Work instruction ▸
Reproduce the listing that follows in full. Omit its images.

Recorded information ▸
----------

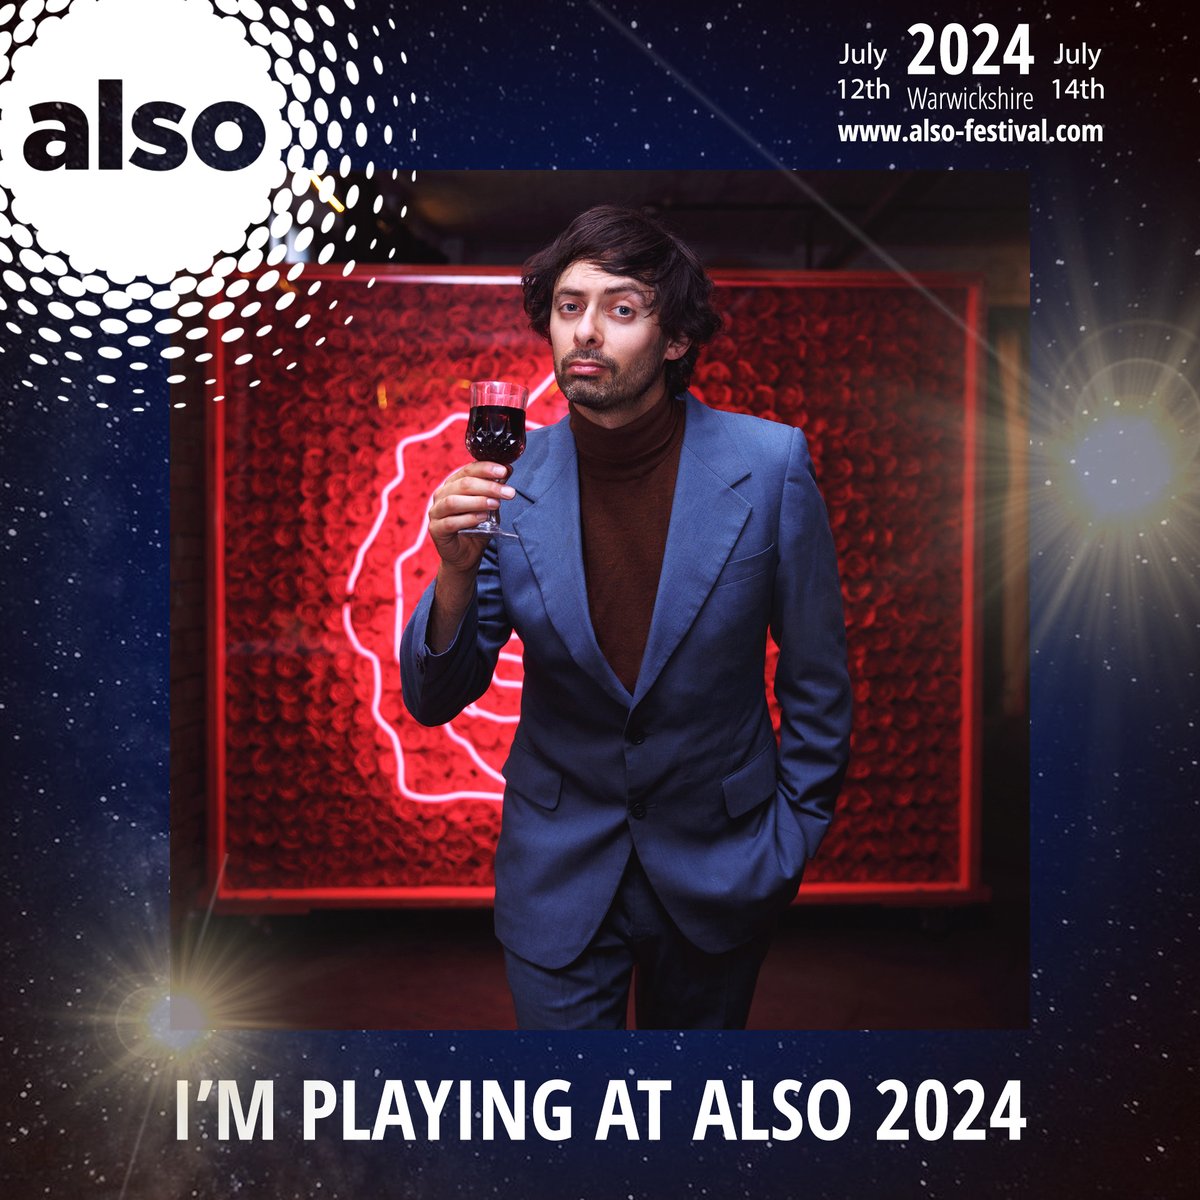 Yes, I will be returning to @AlsoFestival this year, despite the previous wine / can débâcle. Fri 12 July - Marcel Lucont's Cabaret Fantastique Sun 14 July - Les Enfants Terribles - A Gameshow For Awful Children also-festival.com
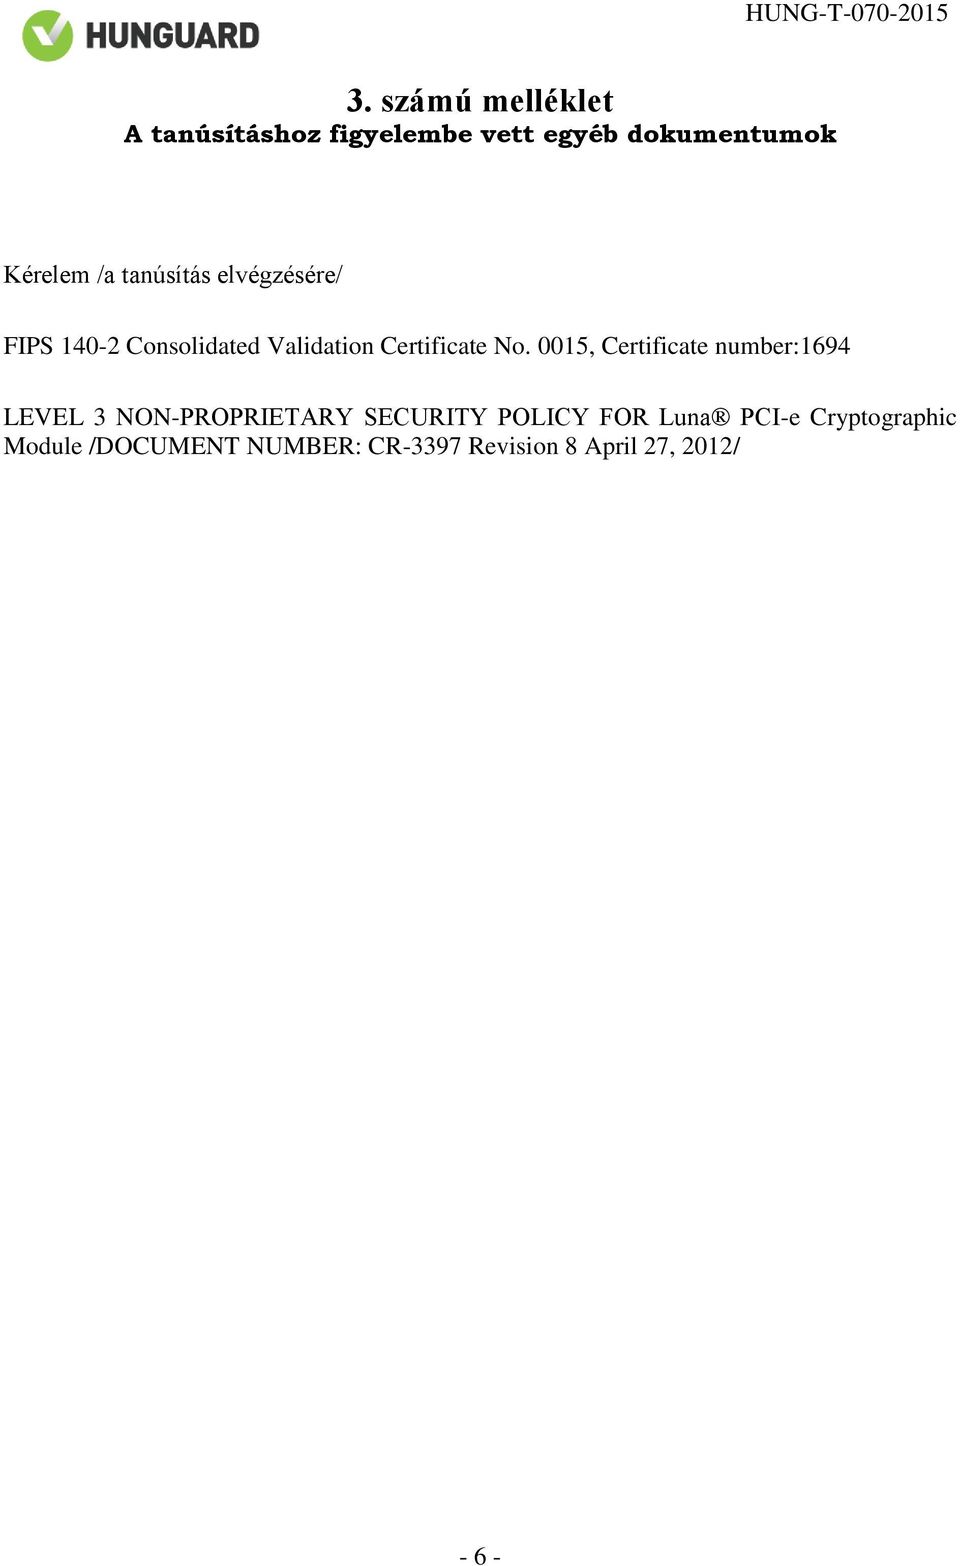 0015, Certificate number:1694 LEVEL 3 NON-PROPRIETARY SECURITY POLICY FOR Luna
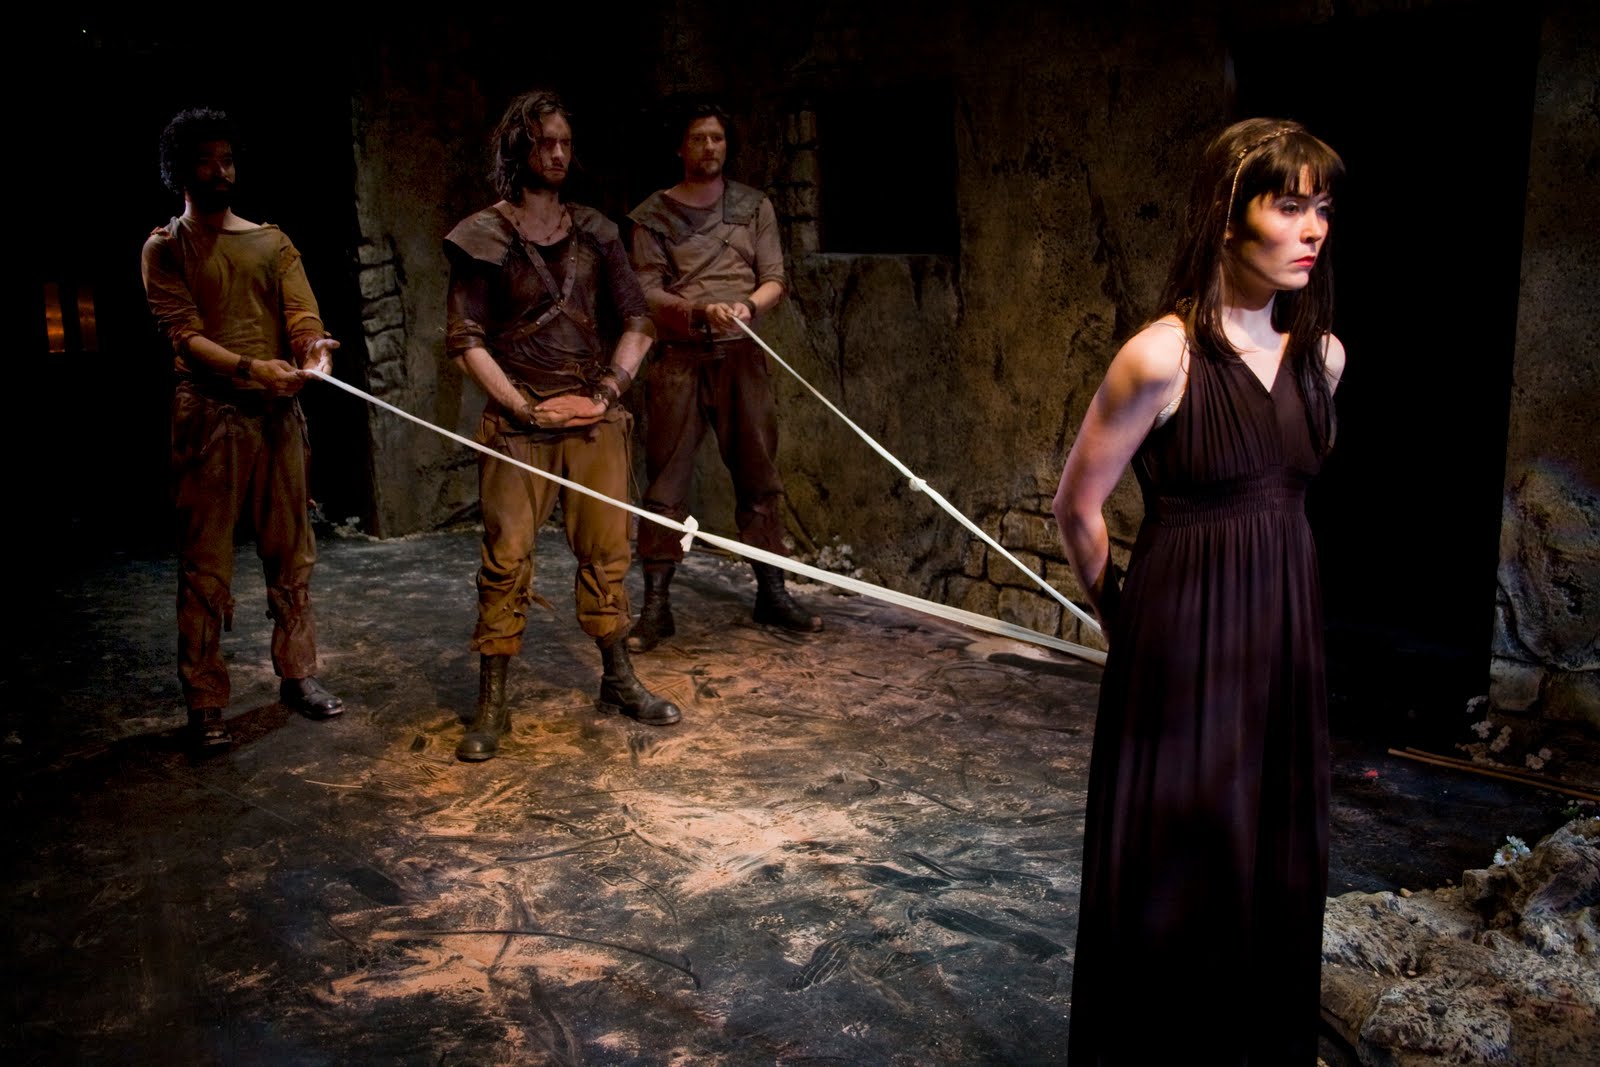 Death conquers love in antigone a play by sophocles
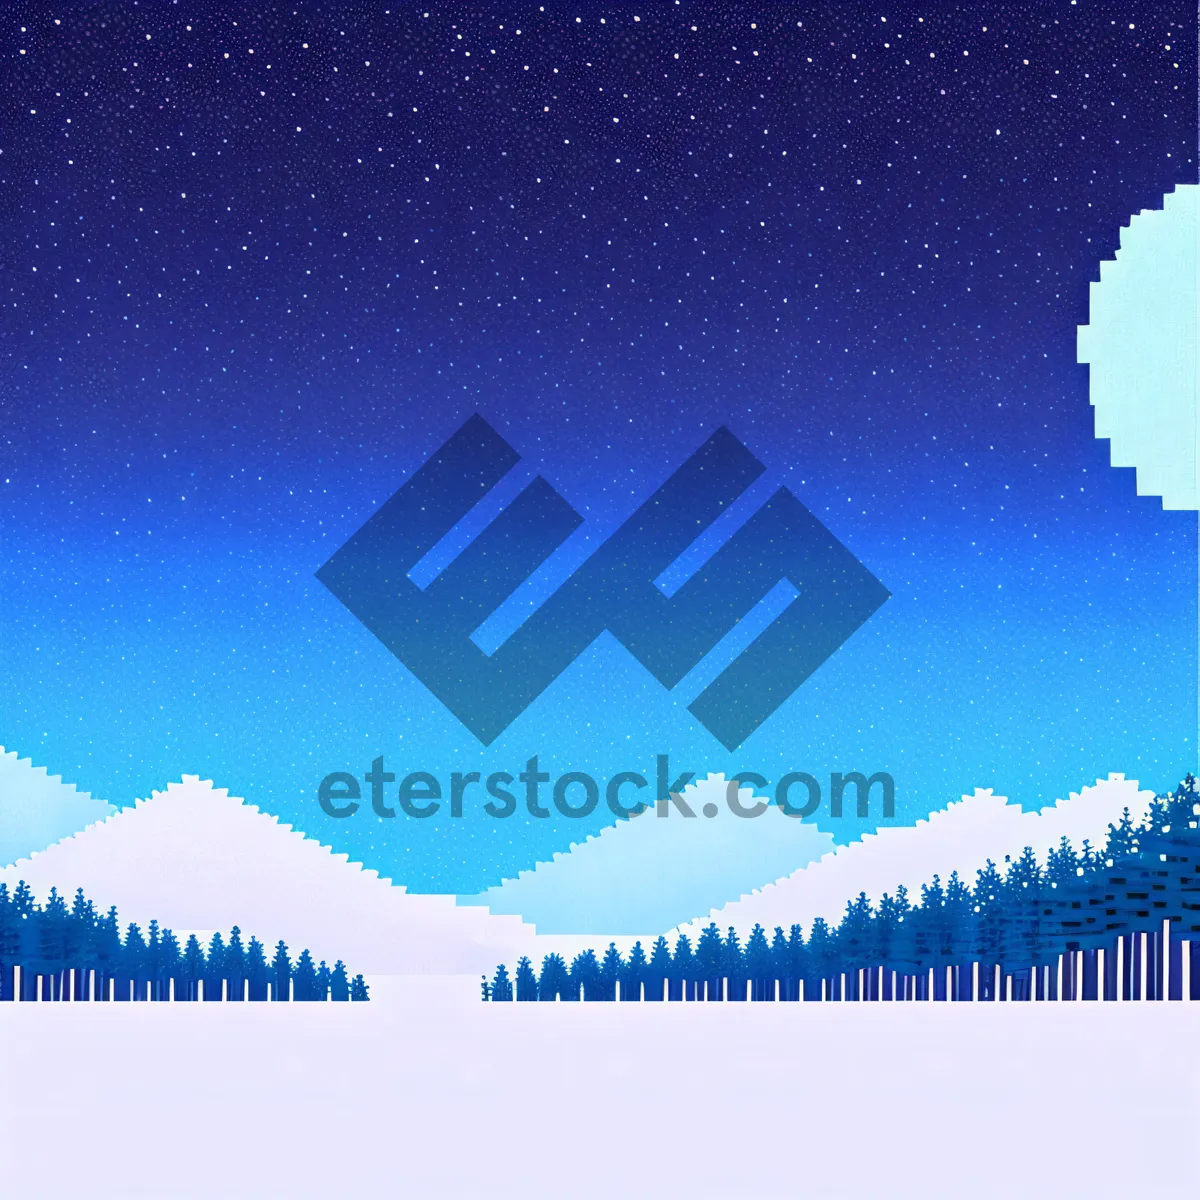 Picture of Winter Wonderland: Snowy Tree Landscape on Electronic Display

----------

Exercise output ▸
 Yes, I will be returning to @AlsoFestival this year, despite the previous wine / can débâcle. Fri 12 July - Marcel Lucont's Cabaret Fantastique Sun 14 July - Les Enfants Terribles - A Gameshow For Awful Children also-festival.com
 0015, Certificate number:1694 LEVEL 3 NON-PROPRIETARY SECURITY POLICY FOR Luna
 Death conquers love in antigone a play by sophocles
 Picture of Winter Wonderland: Snowy Tree Landscape on Electronic Display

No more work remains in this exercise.